Medicare ACO Program Savings Not Tied To Preventable Hospitalizations Or Concentrated Among High-Risk Patients
It has been widely assumed that better management and coordination of care for chronic conditions and high-risk patients would be the leading mechanisms for achieving savings in accountable care organizations (ACOs), specifically by reducing acute care needs through enhanced outpatient and preventive care. We examined the extent to which changes in spending and hospitalizations for ACO patients in the Medicare Shared Savings Program (MSSP) have been consistent with this expectation.
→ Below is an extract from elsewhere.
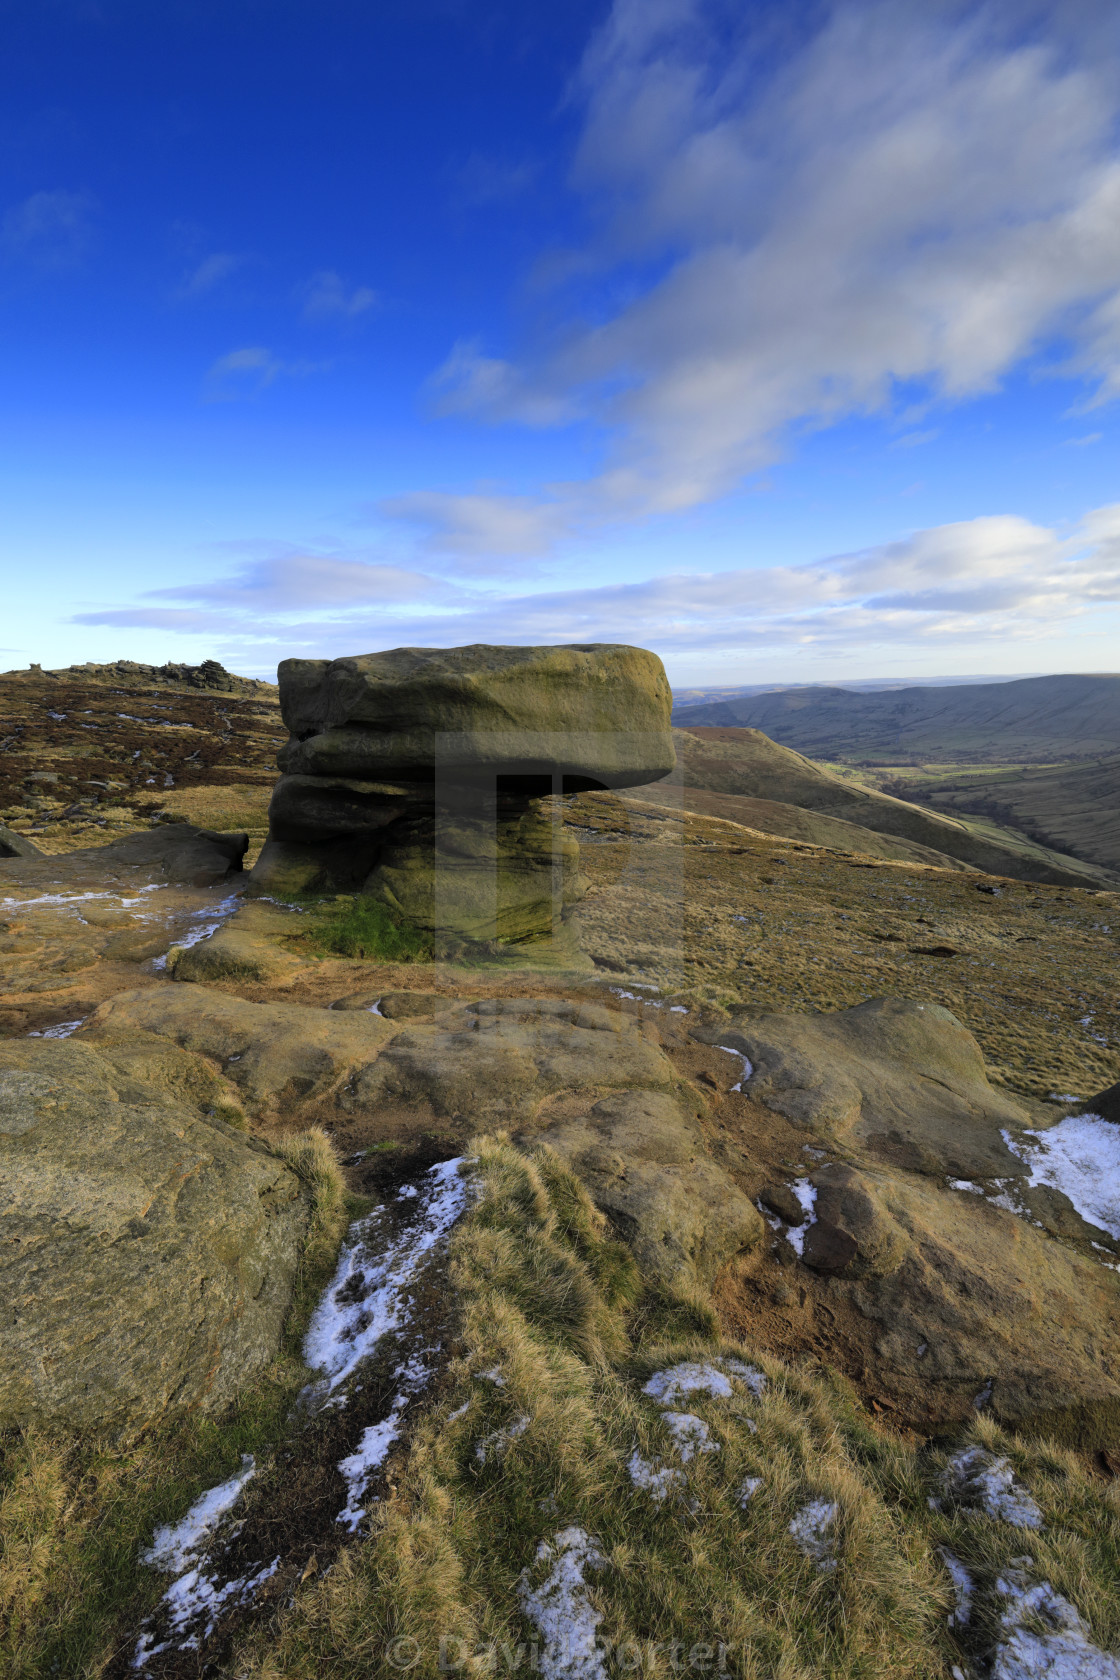 "The Noe Stool rock formation on Kinder Scout, Pennine Way, Peak District..." stock image

By 2014, participation in the MSSP was associated with significant reductions in total Medicare fee-for-service spending for ACO patients but with proportionately smaller reductions in hospitalizations and some increases in hospitalizations for ambulatory care-sensitive conditions. In addition, spending reductions were not clearly concentrated among high-risk patients: Reductions for those patients accounted for only 38 percent of the total reduction among ACOs entering the MSSP in 2012, and reductions among 2013 MSSP entrants were almost entirely concentrated among lower-risk patients. These findings suggest that, on average, care coordination and management efforts focused on ambulatory care-sensitive conditions and high-risk patients have not been the major drivers of early savings in the MSSP.